Princes Highway to Geelong, then Surf Coast Highway south to Torquay (~90 minutes from the CBD). Start the trail at the Torquay Hotel and pick up the Saturday lunch slot as written. Returning Sunday, the inland route via Forrest, Colac and the Princes Highway is the faster Melbourne-bound drive than retracing the Great Ocean Road. Geelong day trip from Melbourne →
The fallback is to push the overnight back to Torquay or Aireys Inlet and treat Apollo Bay as a Sunday-only day trip from the closer base. The Torquay Hotel has rooms on-site; the Aireys Inlet accommodation cluster is well-served by short-stay rentals around the pub. Either way the Sunday Apollo Bay leg works as a 1-hour drive in, the Top/Bottom Pub lunch loop, and the drive home from there — losing the foreshore-overnight character but keeping the Top/Bottom Pub pair intact. Pub accommodation guide →
Surf Coast Weekend Tips
- Book the Apollo Bay overnight first. Both the Apollo Bay Hotel and the Great Ocean Road Brewhouse have rooms above the pub and both fill earliest through summer, Easter, and the spring/autumn long weekends. Lock the bed before you plan the meals — the rest of the trail rearranges around whichever room you secure. Three to four weeks out is the safe lead time.
- Drive the Great Ocean Road in daylight where possible. The Aireys-to-Apollo Bay stretch through Lorne and Kennett River is the cliff-edge section — fine in daylight, slower and tighter at night with wildlife near the road. A 6pm dinner at Aireys puts you on the road through Lorne in summer evening light; a winter trail is better with the dinner pulled forward to 5pm.

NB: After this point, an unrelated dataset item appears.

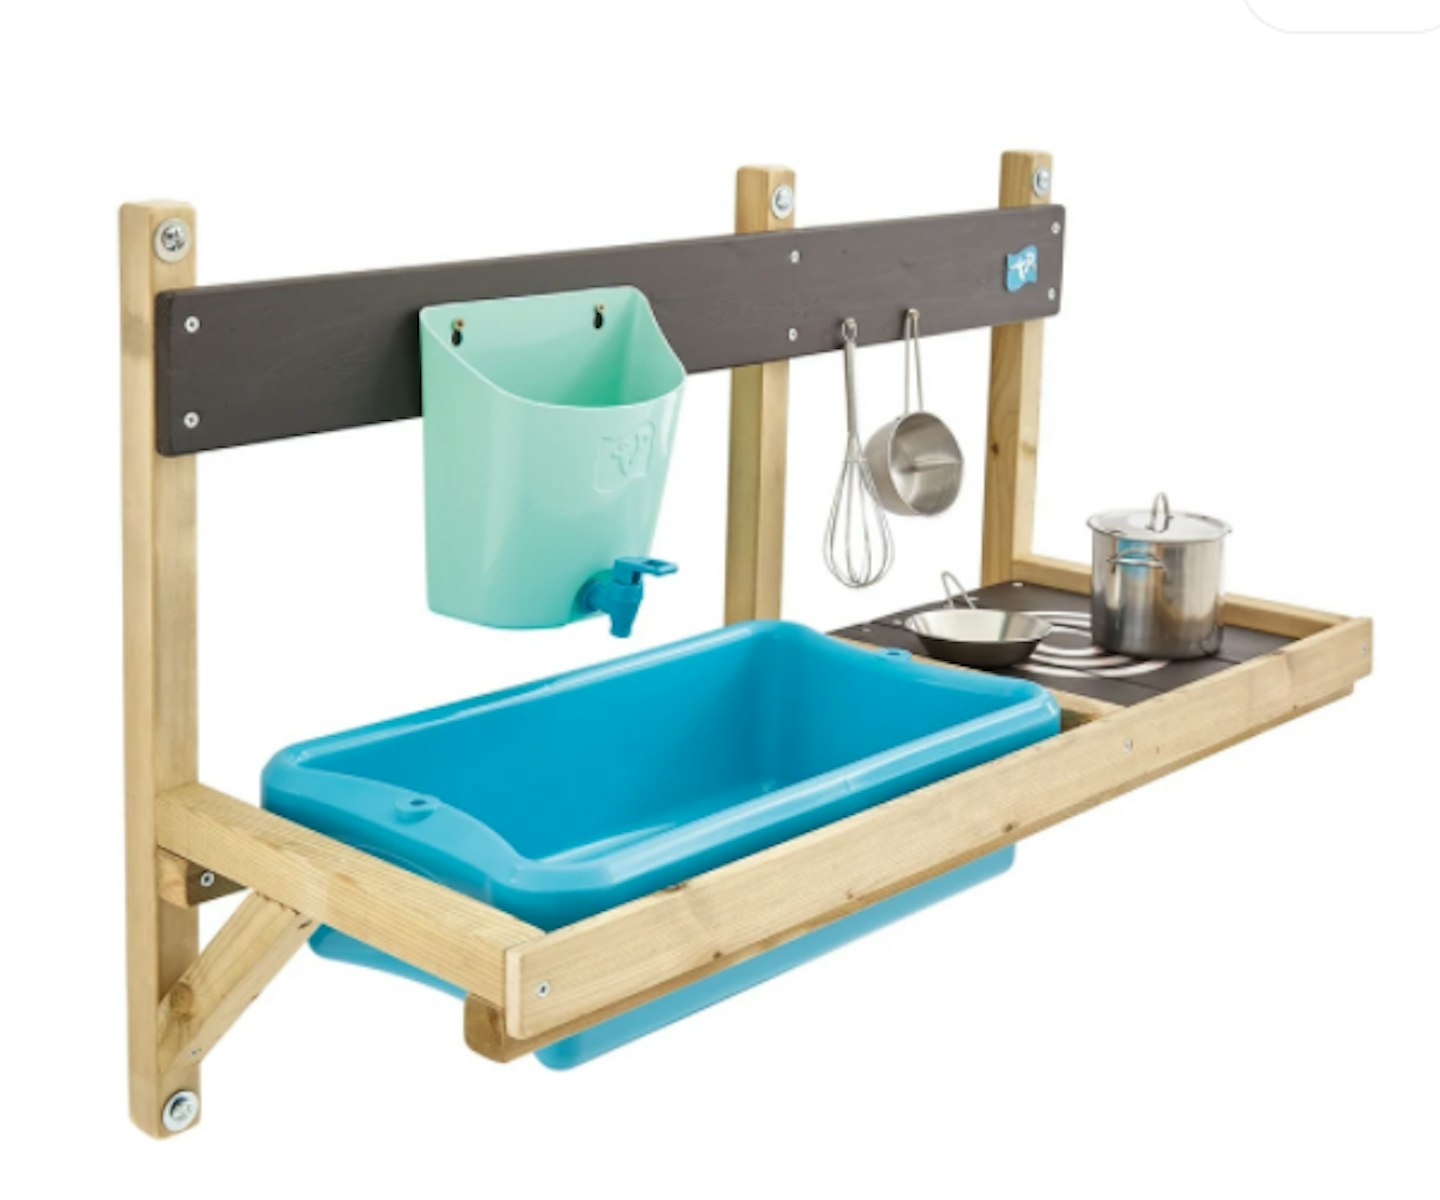 TP Deluxe Mud Kitchen Playhouse Accessory-FSC

- Top Pub vs Bottom Pub is a real local distinction. If a local recommends "the Top Pub" they mean the Great Ocean Road Brewhouse; "the Bottom Pub" means the Apollo Bay Hotel. The nicknames refer to the position on the main road through town. Knowing the local names makes navigation easier when you ask for directions or talk to staff.
- Phone direct for the bay-view tables. Online booking systems at both Apollo Bay venues don't always reveal which tables have the ocean view. A direct phone call on Saturday gets the bay-window seat that the online form would never have offered. The same rule applies at Torquay Hotel for the beer garden tables.
- Inland return route is the faster Sunday drive. The Great Ocean Road back through Lorne is the prettier drive home; the inland route via Forrest, Birregurra and the Princes Highway is around 30 minutes faster and easier on tired-end-of-weekend drivers. Pick the prettier route on the way out, the faster route on the way home.
- The trail works in reverse for Great Ocean Road Touring Route visitors. Travelling east along the Great Ocean Road from Warrnambool or further west, reverse the order: Apollo Bay Hotel for the welcome-to-the-coast lunch, Aireys Pub for the overnight, Torquay Hotel for the gateway-into-Geelong lunch on the way out of the coast. The five-pub trail reads the same in either direction.